++++ SUPPLIED DATA

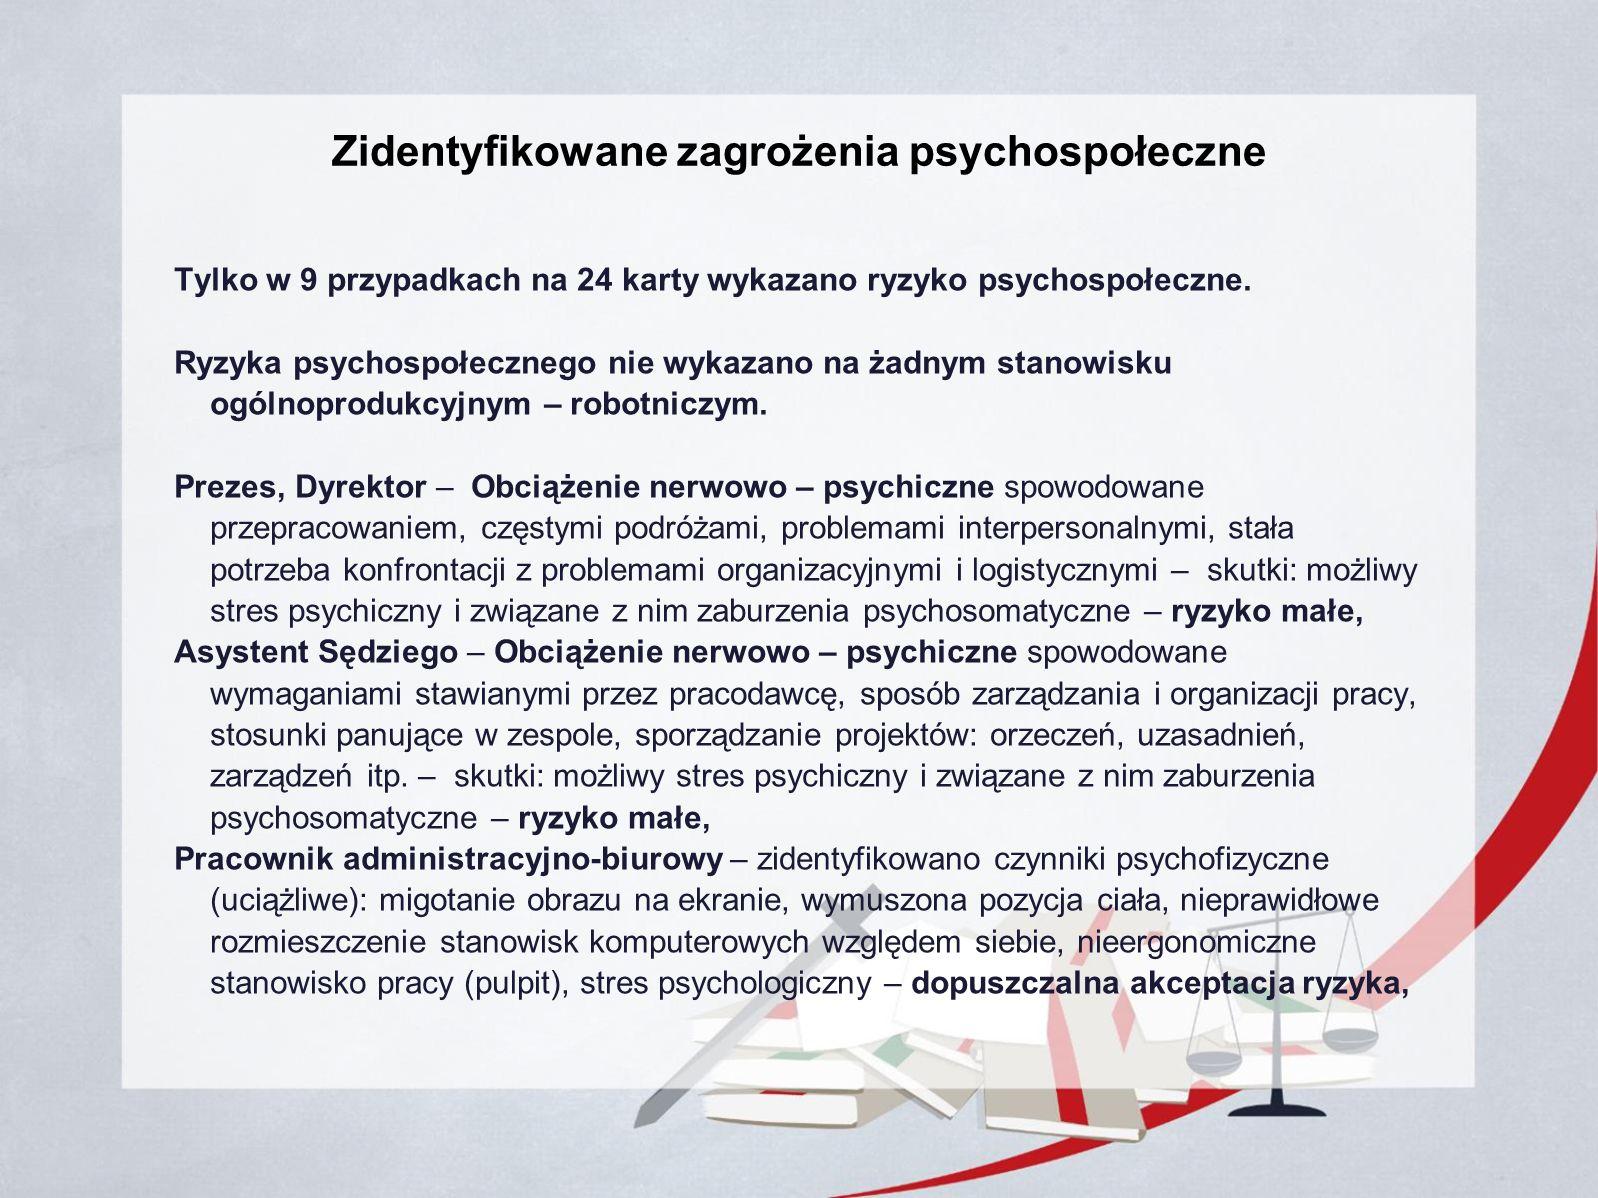 Zidentyfikowane zagrożenia psychospołeczne Tylko w 9 przypadkach na 24 karty wykazano ryzyko psychospołeczne.
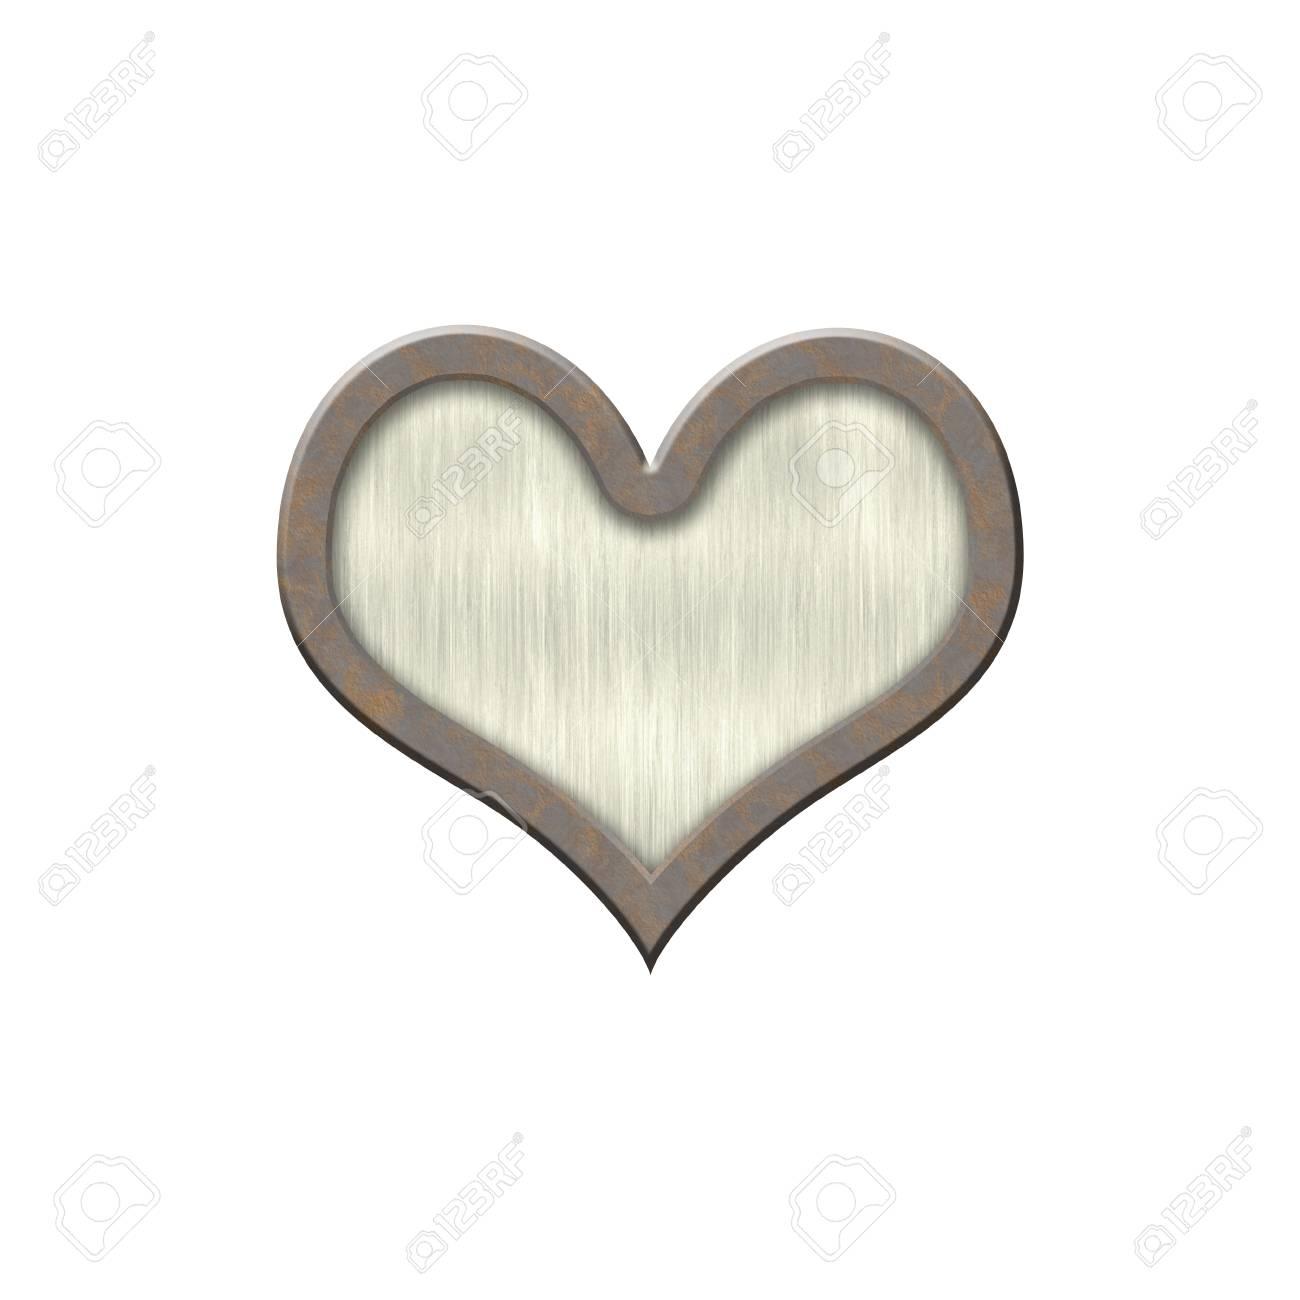 Ungewöhnlich Bild Des Herzens Und Seiner Teile Zeitgenössisch ...
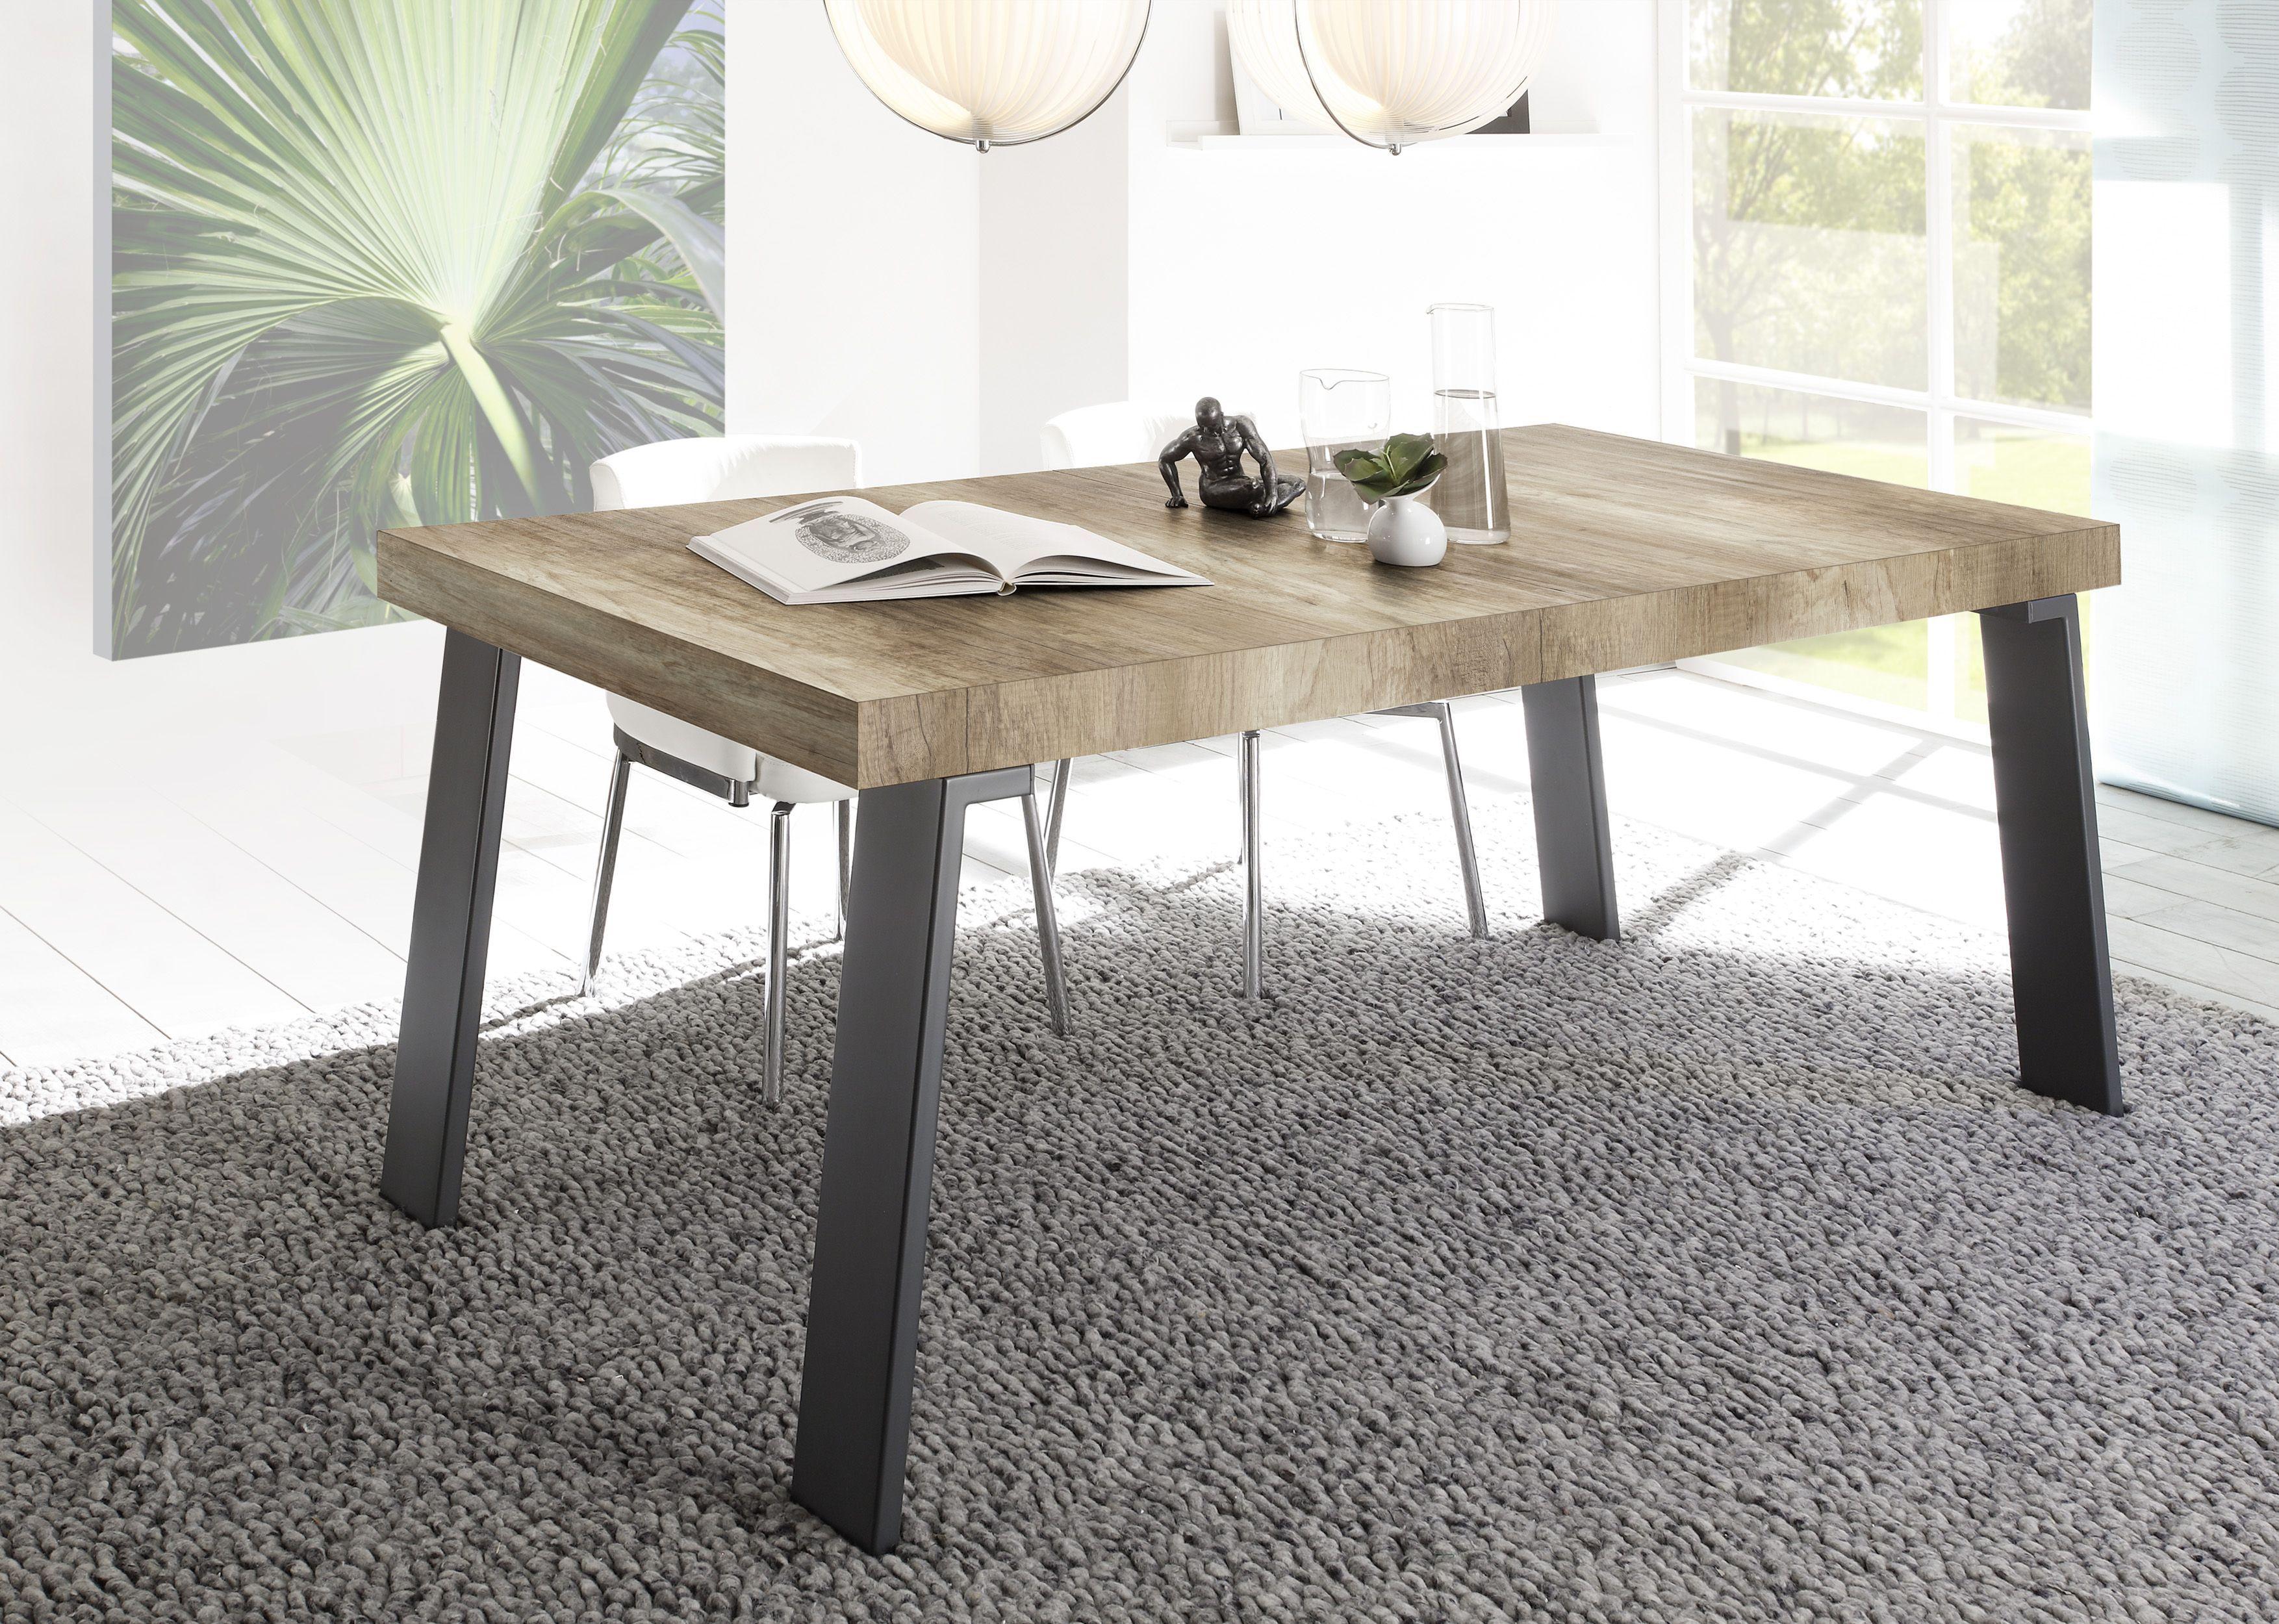 Massivholzmöbel modern  Esstisch 168 X 88 Cm Canyon Oak Nachbildung/ Metallfüsse Woody 12 ...
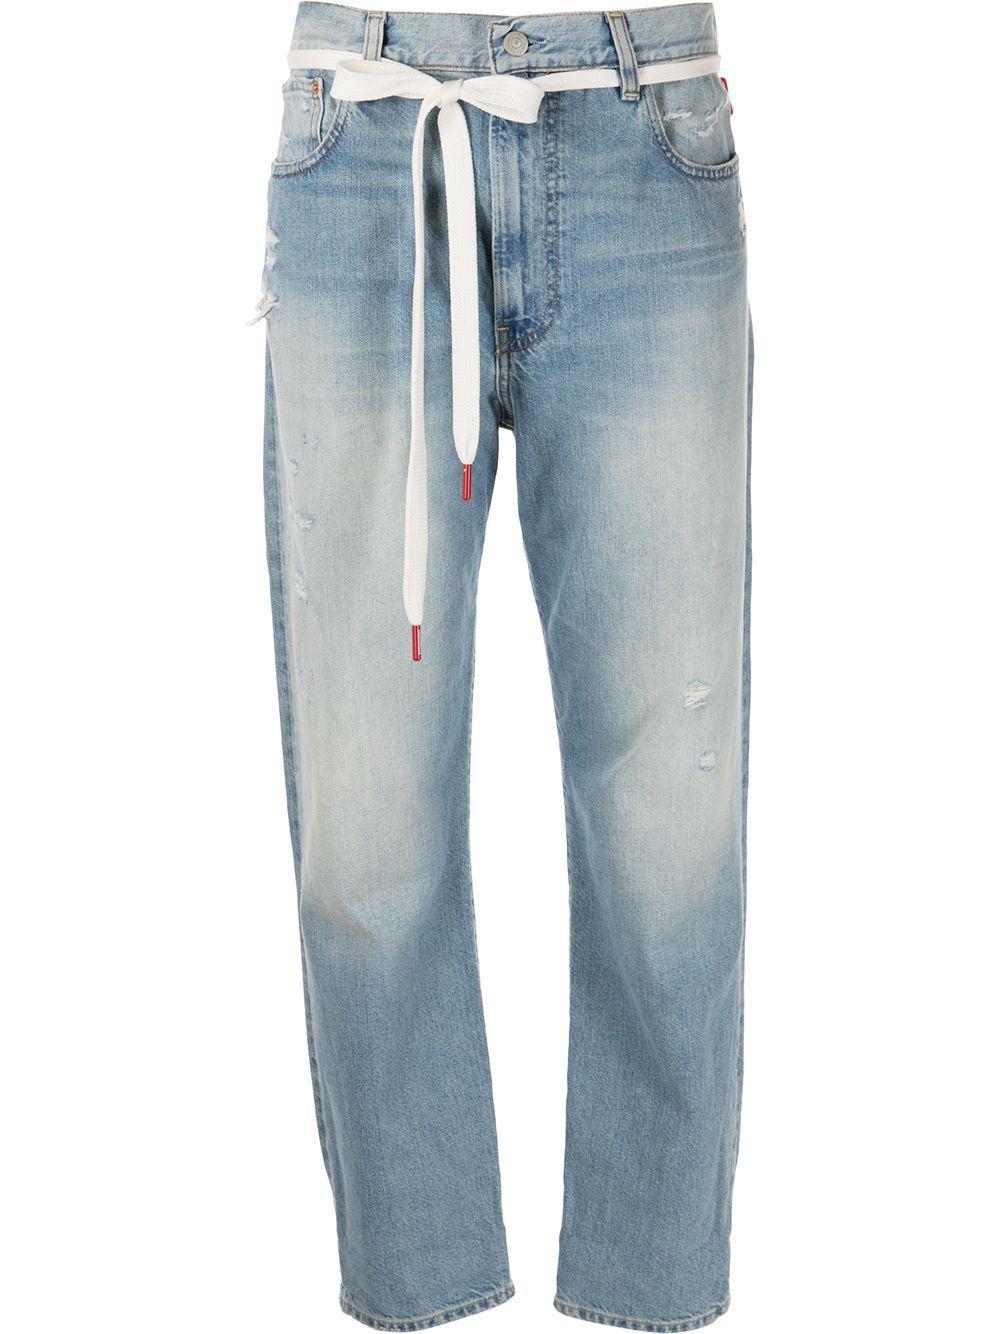 Harper Shoelace Belt Jean Item # DSW2400-200A

++++++++

EXERCISE BRIEF: Print the data exactly as written, dropping any images it holds.

WRITTEN SOLUTION:
 Zidentyfikowane zagrożenia psychospołeczne Tylko w 9 przypadkach na 24 karty wykazano ryzyko psychospołeczne.
 Ungewöhnlich Bild Des Herzens Und Seiner Teile Zeitgenössisch ...
 Massivholzmöbel modern  Esstisch 168 X 88 Cm Canyon Oak Nachbildung/ Metallfüsse Woody 12 ...
 Harper Shoelace Belt Jean Item # DSW2400-200A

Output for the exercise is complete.